Omaggio ad Alessandro Spina a dieci anni dalla morte (con una lettera inedita)

di Massimo Morasso

Dieci anni fa è morto Basili Khouzam alias Alessandro Spina. Malnoto ai più per via della sua ardua inattualità stilistica, e di un’appartatezza che si potrebbe dire quasi anacoretica, oltre che “snob”, con ogni probabilità Spina è il più notevole prosatore in lingua italiana degli ultimi decenni.

Nato a Bengasi nel 1927, libico di stirpe siriana, figlio di un agiatissimo imprenditore tessile dal quale ereditò, per oltre un ventennio, le responsabilità di gestione dell’azienda famigliare in Nord Africa, il ragazzino e poi giovin signore Khouzam aveva vissuto in Italia dal 1940 al 1953, laureandosi in Lettere con una tesi su Alberto Moravia. Dall’Africa, incominciò a farsi conoscere nella nostra società letteraria con il nom de plume di Alessandro Spina.

Fu il racconto Giugno ’40, pubblicato da Anna Banti su “Paragone” nel 1960, ad accendere su di lui i numinosi occhi-riflettori di Vittoria Guerrini alias Cristina Campo, che gli scrisse, d’acchito, con incoraggianti parole d’encomio. Da allora, questi due sommi araldi dell’ospitalità intellettuale sotto pseudonimo furono legati da una lunga e profonda amicizia in prevalenza epistolare, testimoniata dalla pubblicazione del carteggio, ahinoi dal solo “lato” campiano, Lettere a un amico lontano (Scheiwiller 1989).

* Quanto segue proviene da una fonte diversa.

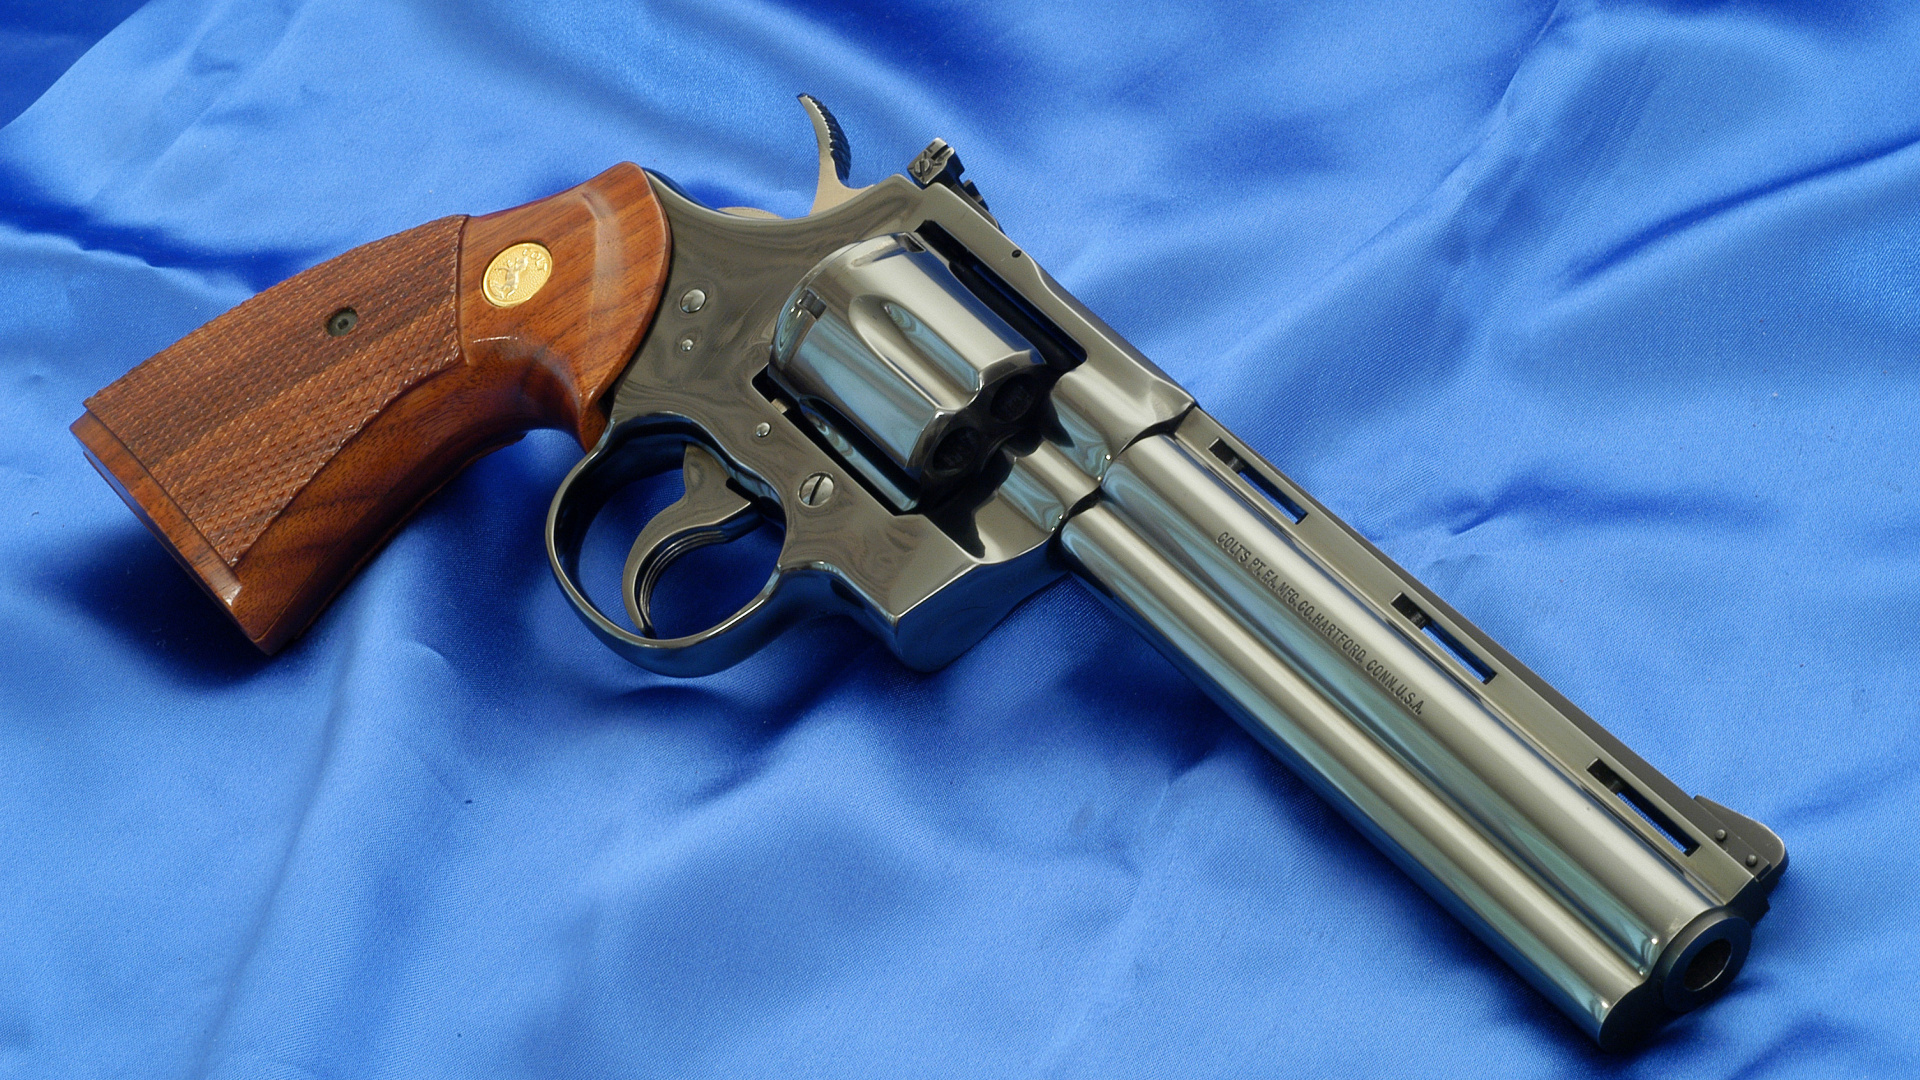 Revolver Colt Python, Handgun, Gun, M1911 Pistol, Firearm. Wallpaper in 1920x1080 Resolution
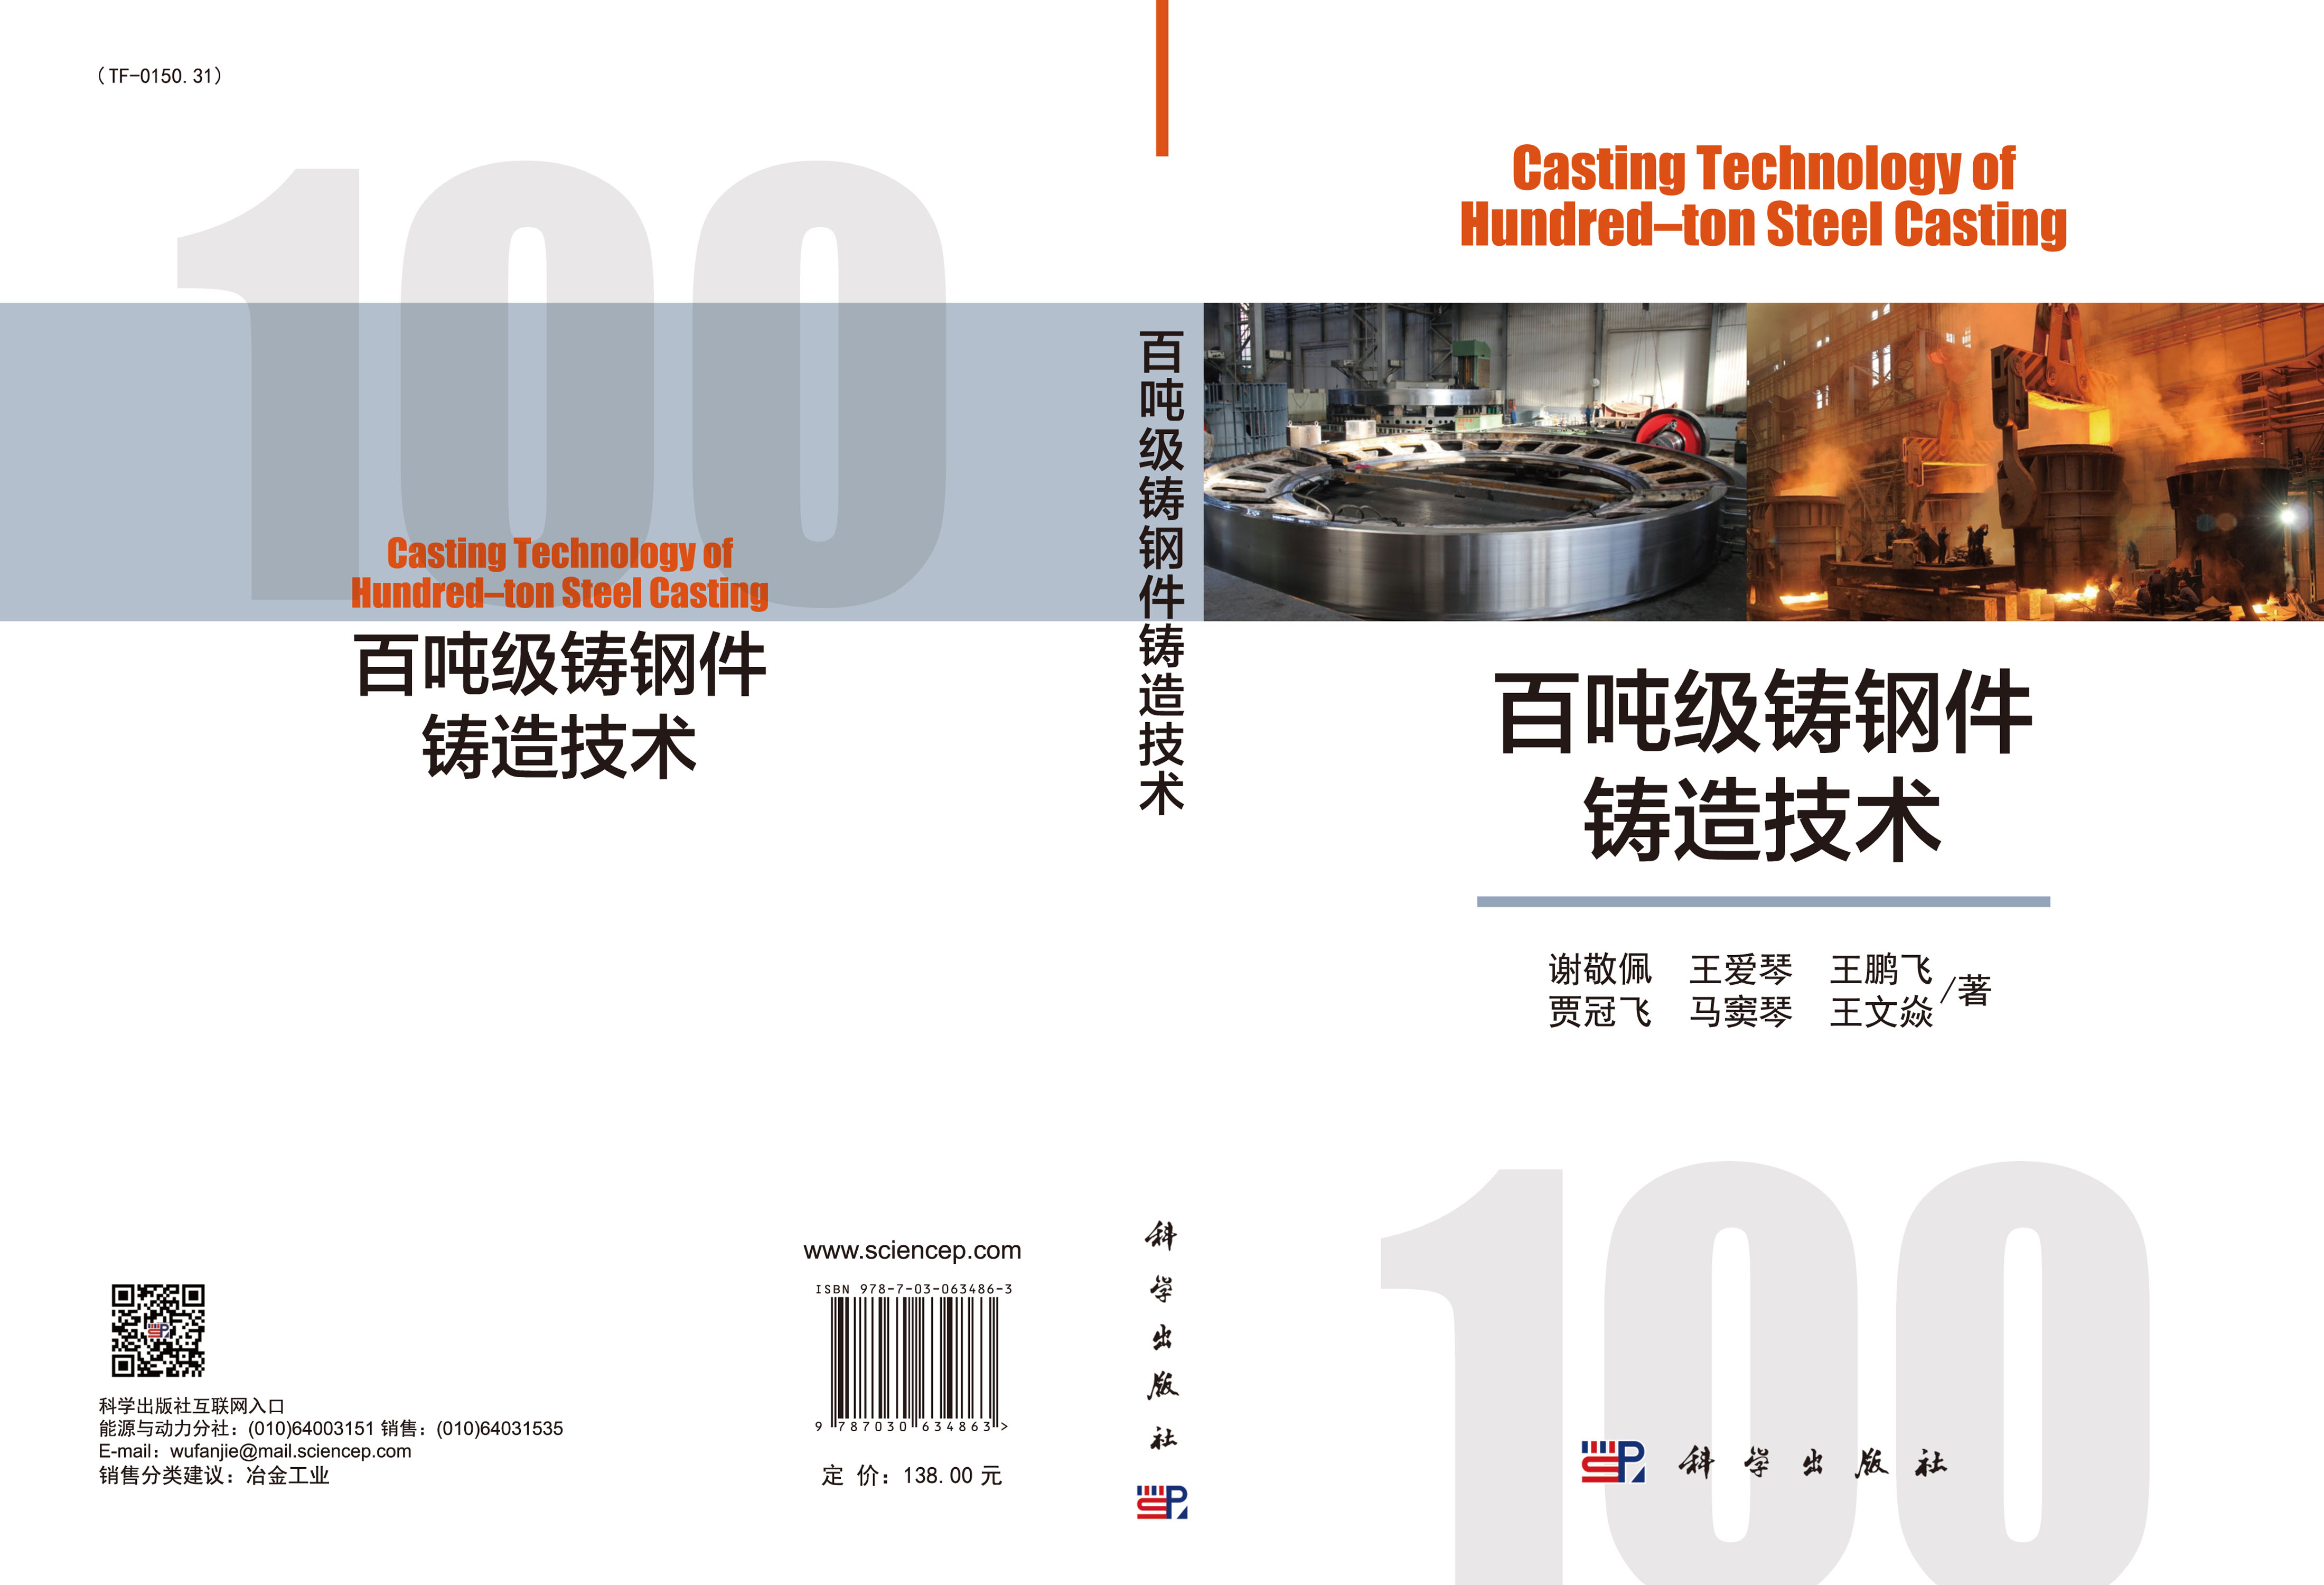 百吨级铸钢件铸造技术=Casting Technology of Hundred–ton Steel Casting

In Italia Khouzam è poi tornato in pianta stabile una volta superati i cinquant’anni, in rotta col sistema di potere di Gheddafi & co., per chiudersi in un lussuoso “buen retiro” a Padergnone di Rodengo in Franciacorta, a poche decine di metri di distanza dalla villa del suo miglior amico, il gran musicista Camillo Togni. A due giorni dalla sua scomparsa nell’ospedale di Rovato, l’11 luglio del 2013, Nazione Indiana ha parlato di Alessandro Spina grazie a Flavio Marcolini, autore di “Staccare la Spina”, un informato e appassionato coccodrillo che vale la pena di rileggere ancora oggi, per incominciare a inquadrare la figura umana e la statura storica di «uno dei più incisivi (almeno sub specie aeternitatis) quanto appartati maître à penser dell’Italia contemporanea», come ne ha detto bene Marcolini in quel pezzo.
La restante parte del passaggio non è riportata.